I disagree with this. I shoot live concerts on a professional level and always use manual. Because of the ever so changing lights, the camera is constantly choosing the wrong shutter speed for me. It's all about preference and what we are comfortable with. I shoot manual everything and I nail my exposures 95% of the time with concert photography and wedding photography. The more you practice, the better you get. I can look at most scenes and have an idea of what my shutter speed/aperture I will need prior to me taking a shot. This comes with practice. You practice with AV mode and I practice with M mode. You've mastered the AV mode and I've mastered the M mode. It's not about being a snob, it's about preferences and what works for you and your style and ability.


----------



## unfocused (Jul 30, 2013)

There is a reason "P" stands for professional. Haven't you ever heard of "f8 and be there?"

Get over it.


----------



## RLPhoto (Jul 30, 2013)

+1 for flash in M mode. AV-TV is dead weight when you need to control ambient/flash exposure.


----------



## paul13walnut5 (Jul 30, 2013)

Stills. Shoot how you want.

Video. Manual, including focus.


----------



## tomscott (Jul 30, 2013)

I like using AV, generally my shots come out spot on and use exposure compensation when needed. Makes getting those spur of the moments easier, especially at weddings. 

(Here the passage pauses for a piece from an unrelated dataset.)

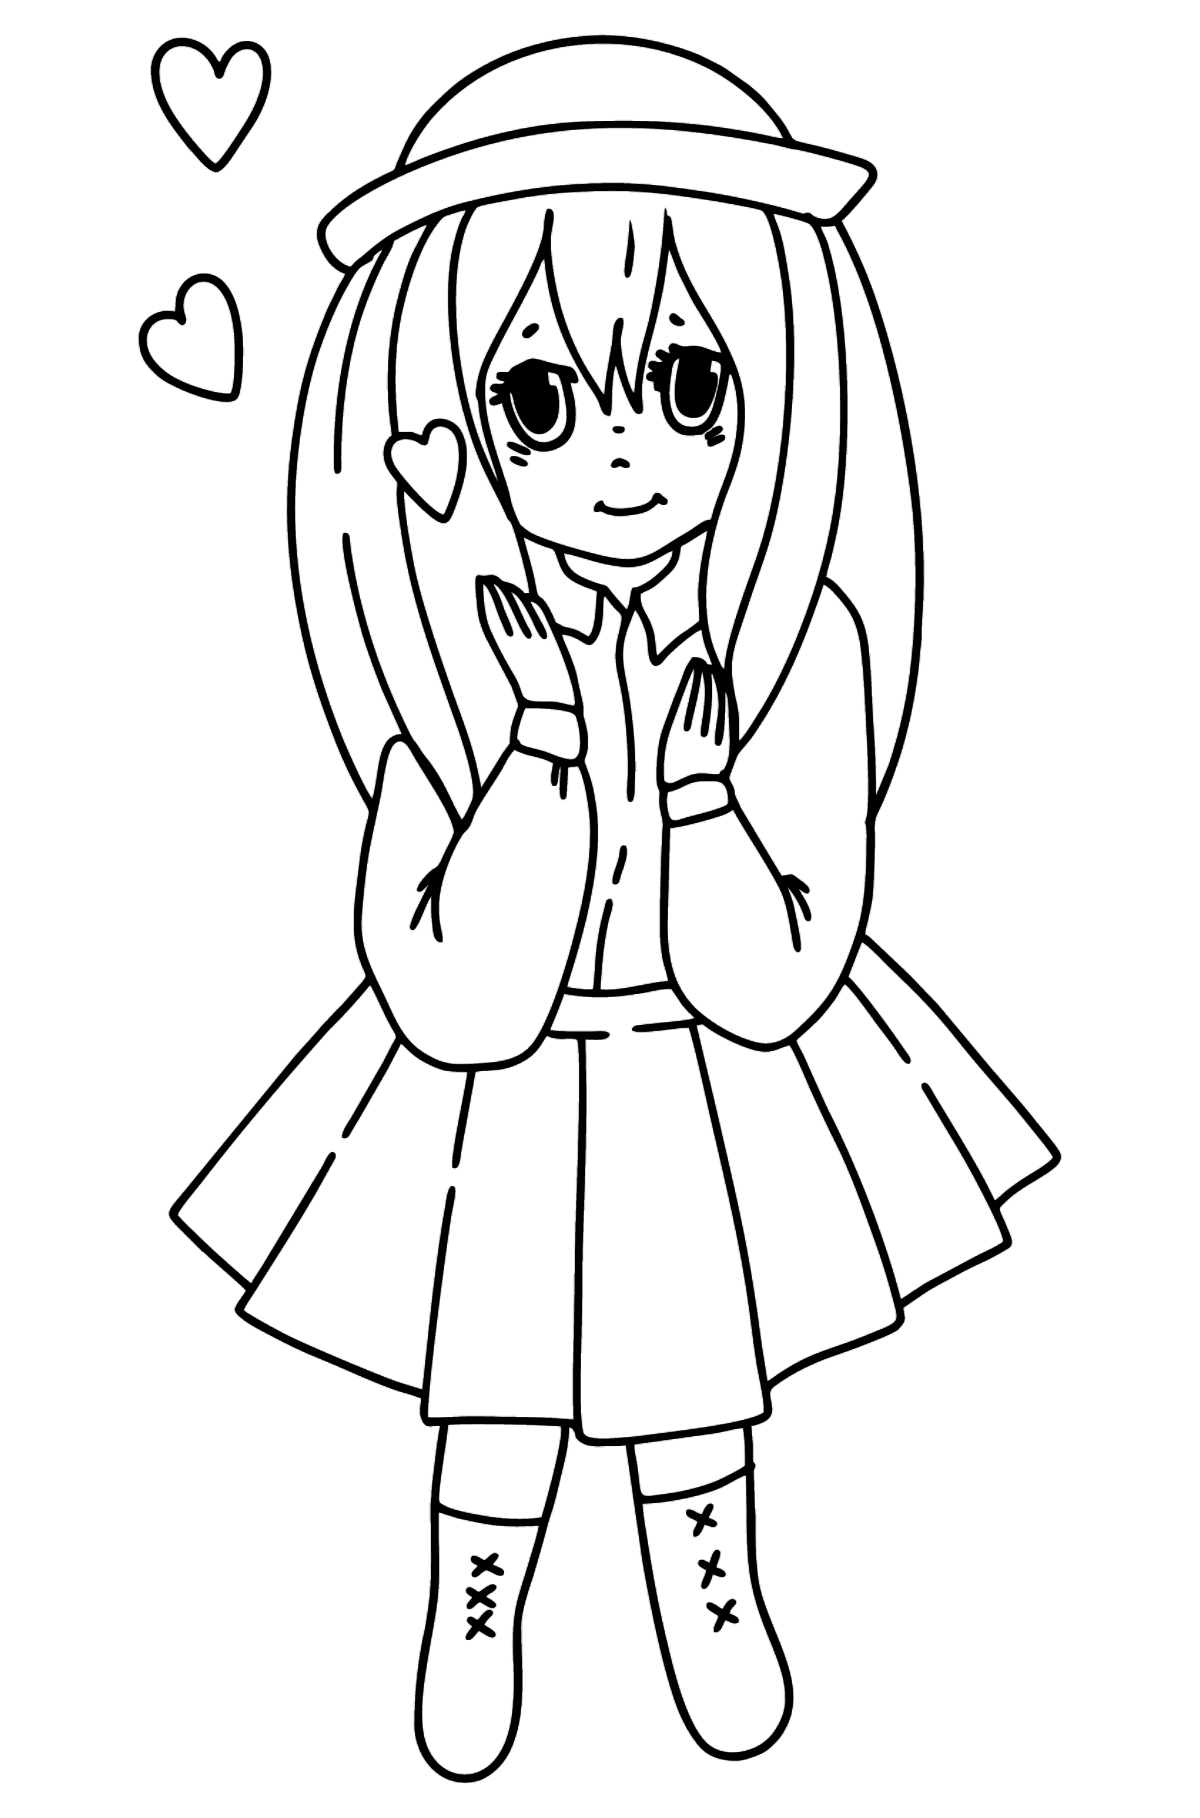 Anime girl in love coloring page - Coloring Pages for Kids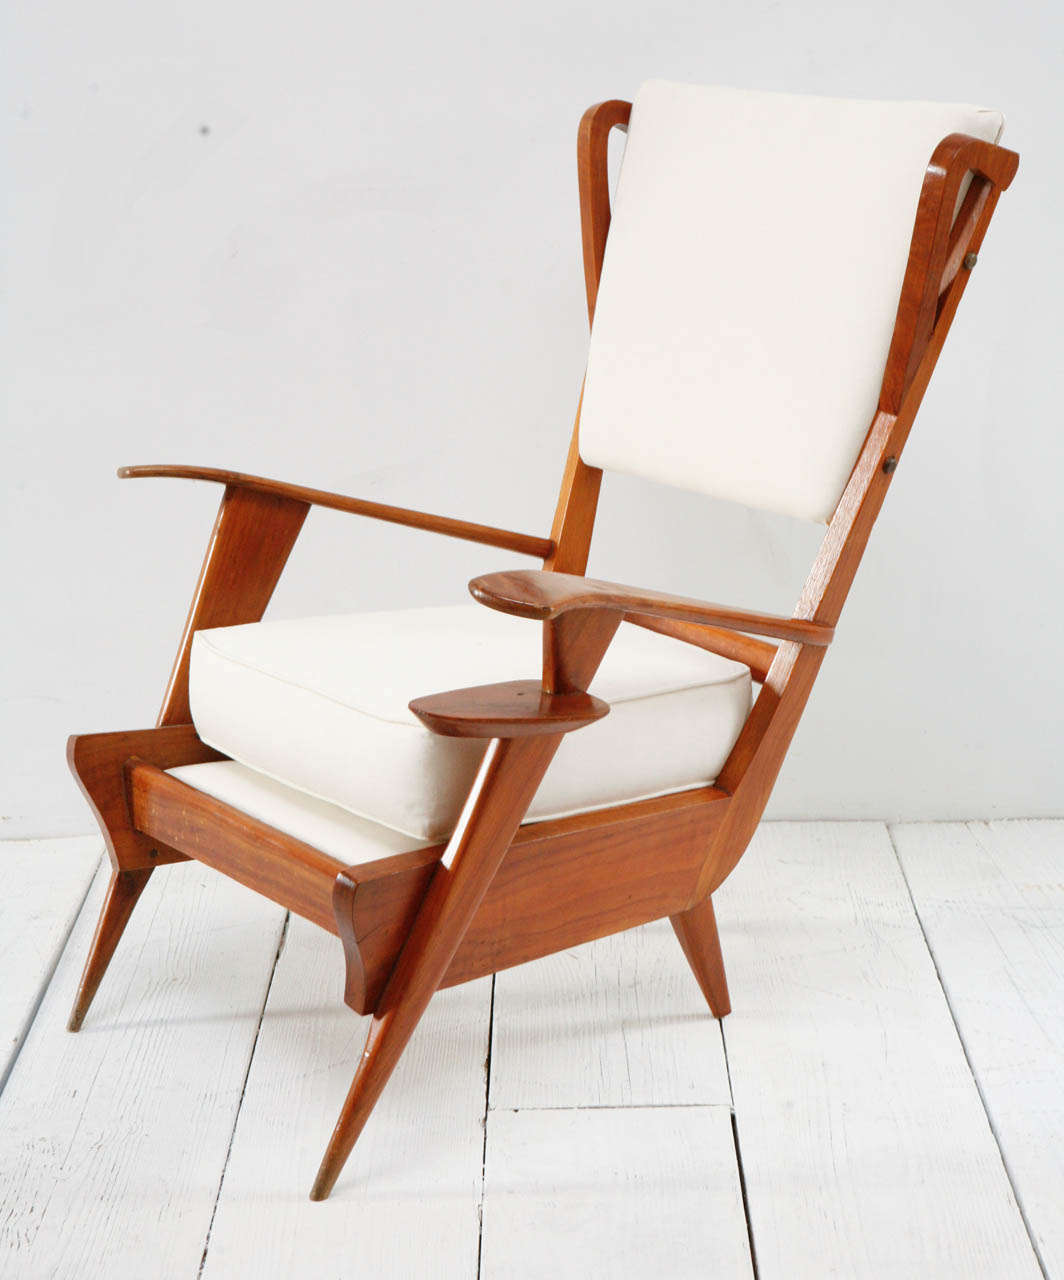 Mid-20th Century Pair of Italian Teak Viewing Chairs with Cup Holder

I think you use whats best for you, M is best when I know the camera will struggle otherwise AV works great for me.


----------



## AprilForever (Jul 30, 2013)

Rob Wiebe said:


> Hilarious statement. Why care what anyone uses for settings unless you are looking to problem solve a particular issue? If it works for you, great. When I talk to a new photographer or a beginner, I "suggest" some options....
> 
> 
> PS, I love the auto ISO implementation on my 1DX



Actually, I think that manual is the best mode for a beginning photographer. I shoot manual nearly all the time. I shoot mostly wildlife and landscapes. It is a matter of reading the light and making adjustments accordingly. 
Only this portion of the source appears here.